There were several points that James made which seemed to mirror my own beliefs and experiences. The first is that these medications are often dispensed too frequently and too easily. For some professionals, a prescription becomes an automatic response, a reflex reaction to a person’s expression of unhappiness. The sole object of treatment revolves around eliminating the symptoms of psychological turmoil as fast as possible.
But what of the the turmoil itself? Depression, anxiety, fear, hysteria and the like are “disappeared”, yet the causes are not exposed nor eliminated. As a consequence, people can end up keeping their symptoms at bay for extensive periods of time with little resolution.
Beyond the toll these drugs can exact through physiological side effects and financial cost, there is a more insidious result. In effect, through the magic of modern psychopharmacology people become separated from their own emotions, their own psyche. As a temporary aid for the acutlely distraught or a last ditch heroic effort for the seriously disturbed, this is a wonderful resource. But it induces a lack of awareness about one’s own feelings.
Our ideas about the efficacy of some of the most popular drugs were also quite similar. In fact, I was somewhat surprised to hear how little he thought of them. I am not disposed to look at them favorably on many counts, but James’s assessment was purely based on his clinical experience.
For instance, he estimated that Ritalin, the widespread pharmacological “answer” to hyperactivity and attention deficit disorder, had lasting positive effects on only about one in three children. And the highly touted “wonder drug” Prozac, he felt, was vastly over-rated. A high percentage of his patients did not respond to it well at all. Many felt agitated, overstimulated or otherwise disturbed and need to get off of it.
His experience is certainly in dramatic contrast to the glowing testimonials one often hears about Prozac. There are even popular books which suggest that anyone and everyone might benefit from it’s capacity to enhance moods and productivity.
I suppose one can understand this disparity by realizing that these two points of view represent two very different perceptions about the nature of human beings. For some people, especially in the medical and psychological sciences, life is ultimately a biochemical phenomena. Whatever happens in a living organism, be it on the physiological or psychological level, can be reduced to molecular interplay.

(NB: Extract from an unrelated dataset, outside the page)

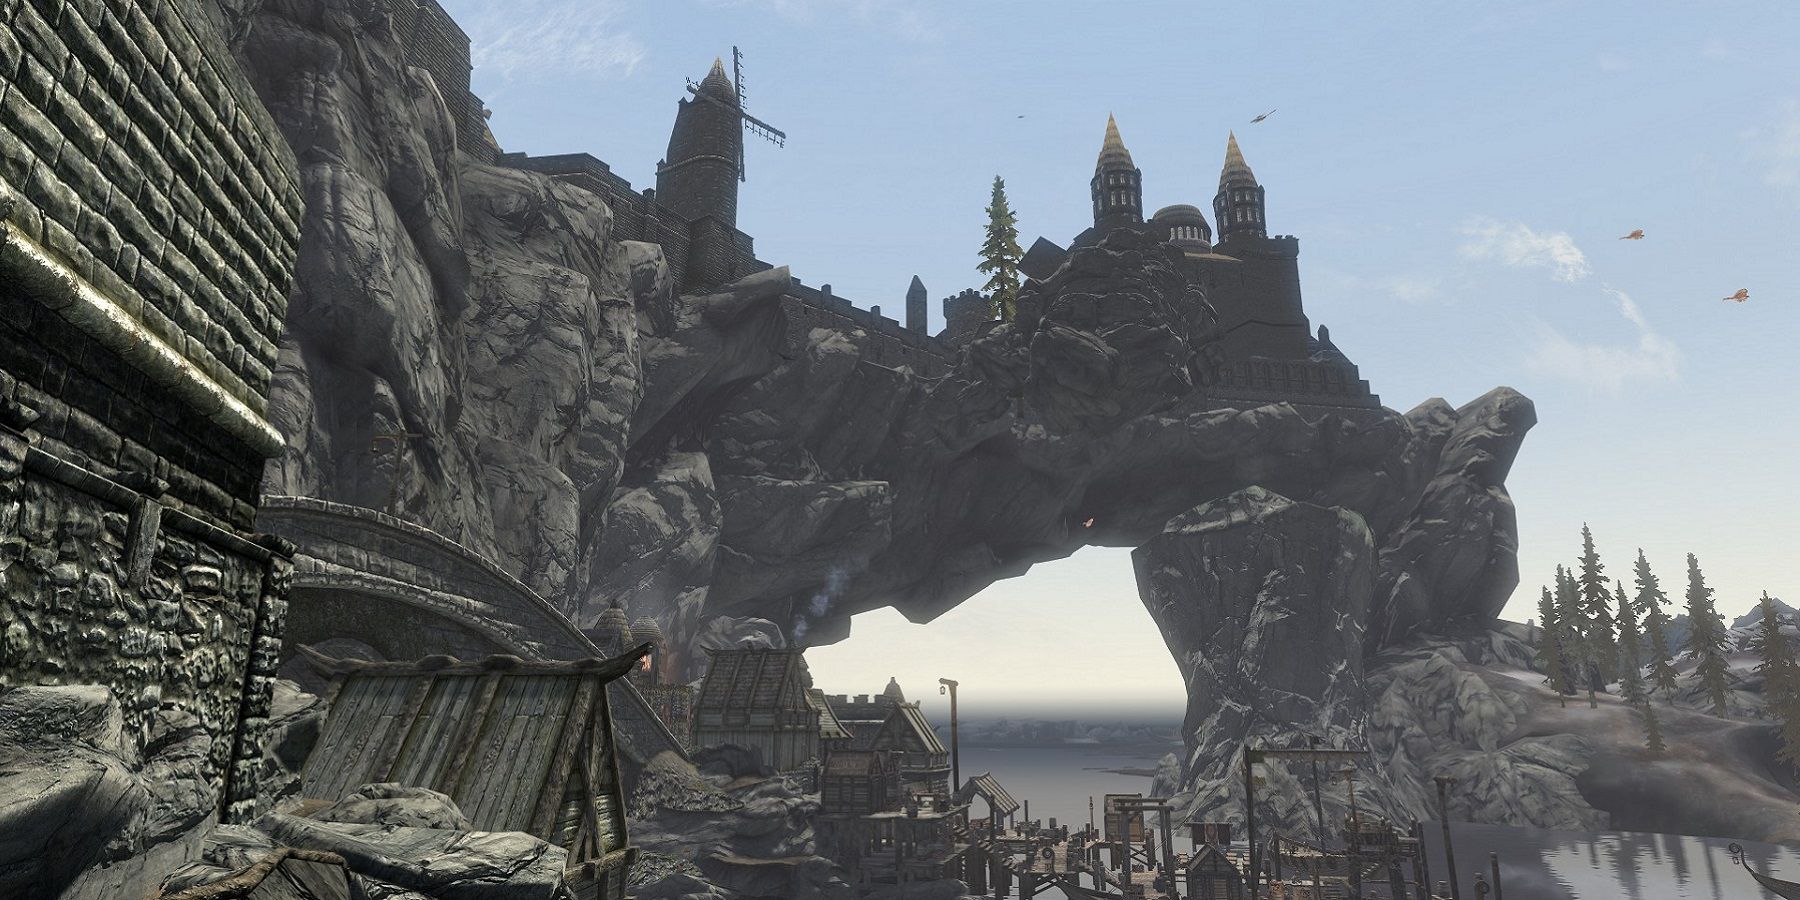 A screenshot from Skyrim outside the city of Solitude showing the arched cape that goes over the river.

From this understanding, medical professionals can maintain the physical and emotional health of their patients by manipulating their chemical makeup. Thus, we have the popular notion of mental illness as “a chemical imbalance”.

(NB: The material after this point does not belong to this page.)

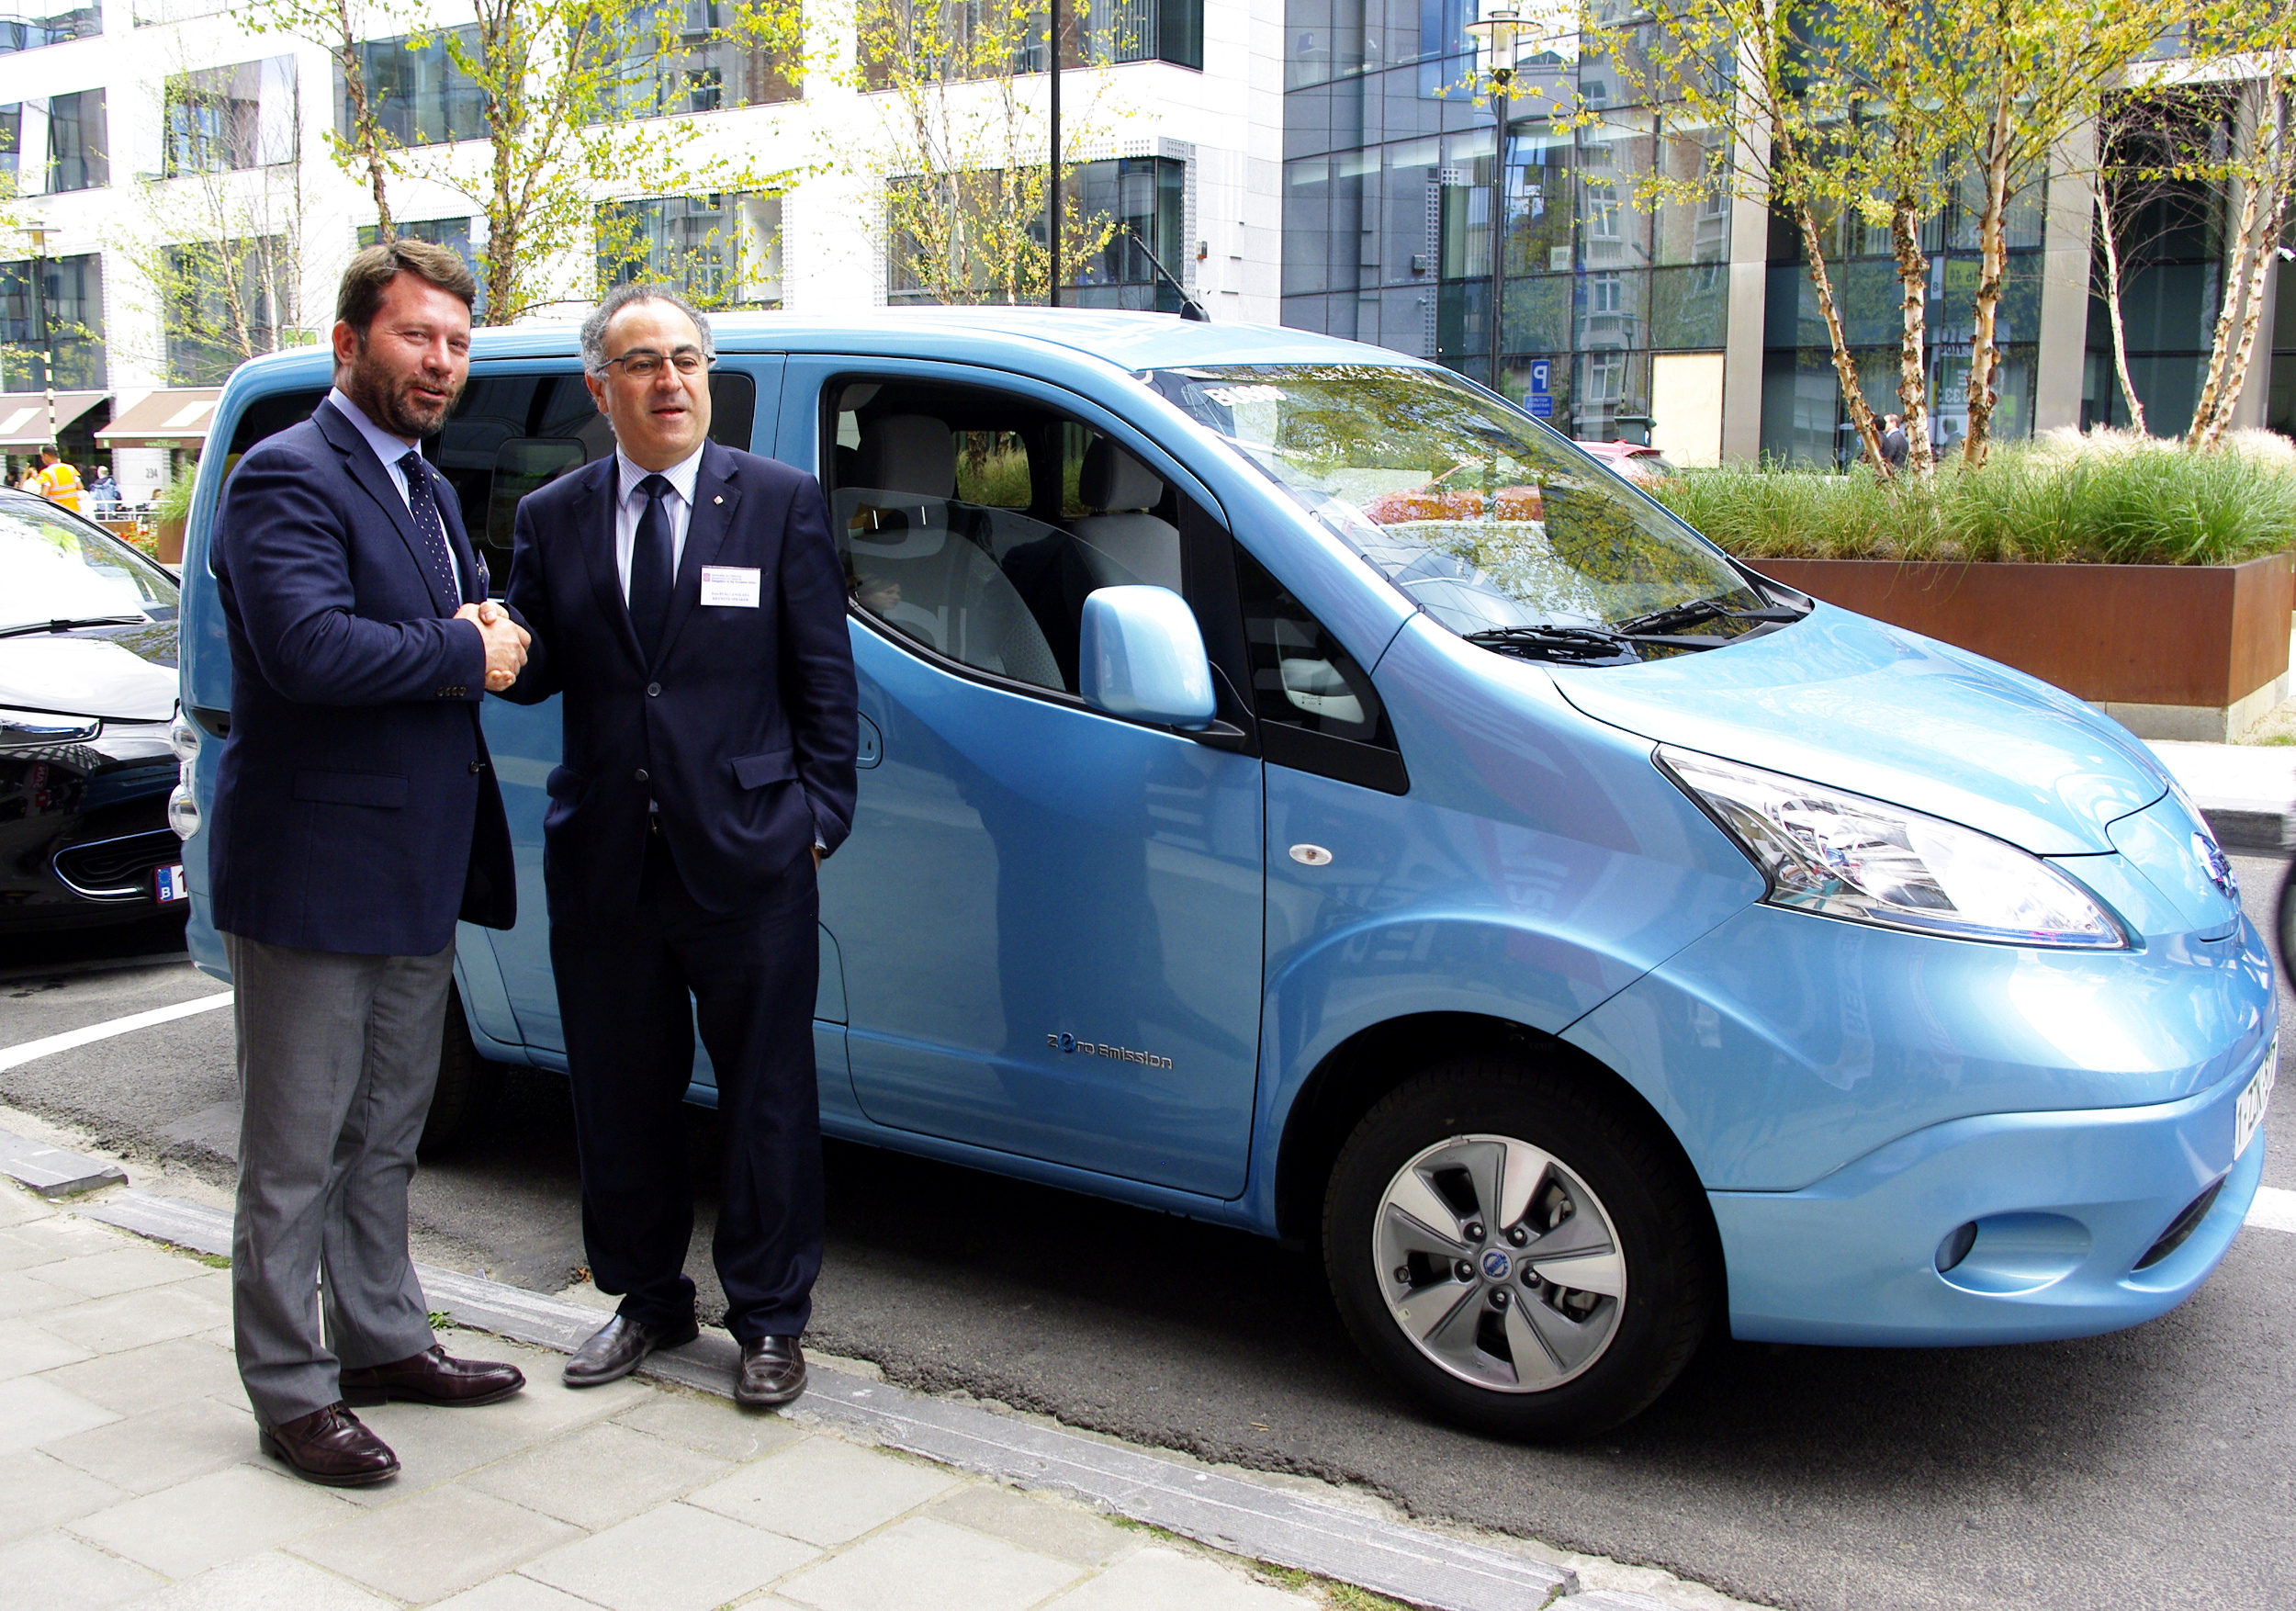 The Communications Director of Nissan Iberia,  Francesc Corberó, and the Catalan Delegate to the EU, Pere Puig, shake hands in front of an electric van (by ACN)

Then there are people, James and myself included, who see the phenomena of life as something fundamentally different than biochemistry. Underlying the grosser physical manifestations of life are more subtle forces which are the true core of a living being. Variously called “spirit” or “vital force”, “prana” or “chi”, this is a dynamic energy responsible for maintaining the physical structure, achieving physiological balance and sustaining a sense of well-being in the organism.
When a person suffers from psychological distress, most of the time it is the disturbance of this vitality which must be addressed. The chemical imbalances are largely a result — not a cause — of chronic stresses on the organism. By clearing understanding the external circumstances that have burdened a person along with the nature of that person’s personal susceptibility to these stimuli, the possibility of real cure arises.
Treatment based on these principles, be it psychotherapy, homeopathy, body work, breath work, shamanism or any number of possible modalities, can produce very profound results. Sometimes it is agonizingly slow, sometimes it is dramatically fast, but the goal justifies the effort.